"Oh don't tell me there is anything in that," wailed Gay, "at least on Kitty's part, for I've set my heart on her marrying a friend of mine in San Antonio, so she'll always be near me. You know when Mammy Easter told her fortune, it was that her fate would come through running water when the weather vane points West. I'm wild to have her visit me at Fort Sam Houston next year, and this Frank Percival is the very one of all others for her. He's a banker and as good as gold and—oh well, there's no use wasting time singing his praises to you when I want him for Kitty! But about this Alex Shelby, Kitty told me this very afternoon that it is you he admires so much. She told me all about that Bernice Howe affair, and said that ever since Katie Mallard up and told him how honourably you acted in the matter, he has put you on a pedestal and given you a halo. She said you could have him crazy about you if you'd so much as lift an eyelash in encouragement."
"Don't you believe it!" cried Lloyd. "That's just Kitty's way of throwing you off the track. We've been unusually good friends evah since he found out why I broke my engagement to go riding with him, but he is at The Beeches every bit as much as he is at The Locusts, and it's you he'll be in love with befoah the summah is ovah. He was the first one reflected in yoah looking glass, for he confessed this evening how he sat and watched you on the laddah, and how he'd thought of you all day; and he even quoted poetry about it, and that's a very serious symptom for Alex to show. He nevah was known to do such things befoah! Then tonight he was simply carried away by yoah playing. He adores a violin and you played all his favourites. Oh I see yoah finish!"
There was a pause in which Gay kicked off her slippers and sat absently gazing at them, while Lloyd tied the ribbons which fastened the lace in the collar of her dainty gown. Again it was Gay who spoke first.
"Doesn't it seem queer to think of Allison's being engaged? It is such a little while since we were all school girls together. Nobody knows whose turn will come next. It makes me feel like a soldier on a battle field—comrades being shot down all around you right and left and you never knowing how soon it'll be your turn to fall. It's awful! Lloyd, what's become of that boy out in Arizona, the one who sent you those orange-blossoms in Joyce's letter when I was here before?
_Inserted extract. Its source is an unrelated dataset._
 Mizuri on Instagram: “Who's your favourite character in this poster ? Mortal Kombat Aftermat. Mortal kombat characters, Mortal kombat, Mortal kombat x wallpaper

He was best man at Eugenia Forbes' wedding."
"Oh, you mean Phil Tremont!" answered Lloyd placidly, without the conscious blush that Gay had expected to see. "He is out West again, doing splendidly, Eugenia writes."
"I thought you wrote to him yourself."
Lloyd, stooping to pick up her dress and hang it over a chair, did not see with what keen interest Gay watched her as she questioned.
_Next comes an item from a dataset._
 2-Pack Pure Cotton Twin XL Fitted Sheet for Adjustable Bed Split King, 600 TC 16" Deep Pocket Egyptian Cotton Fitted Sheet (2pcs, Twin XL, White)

"Oh, we still keep up a sawt of hit and miss correspondence. He writes every few weeks and I manage to reply once in two months or so. It's dreadfully uphill work for me to write to people whom I nevah see. It's been two yeahs since he was heah, and I nevah know what he'll be interested in."
"I suppose it's easier writing to some one you've known all your life, like Malcolm MacIntyre for instance. I'm so sorry he and Keith are abroad this summer."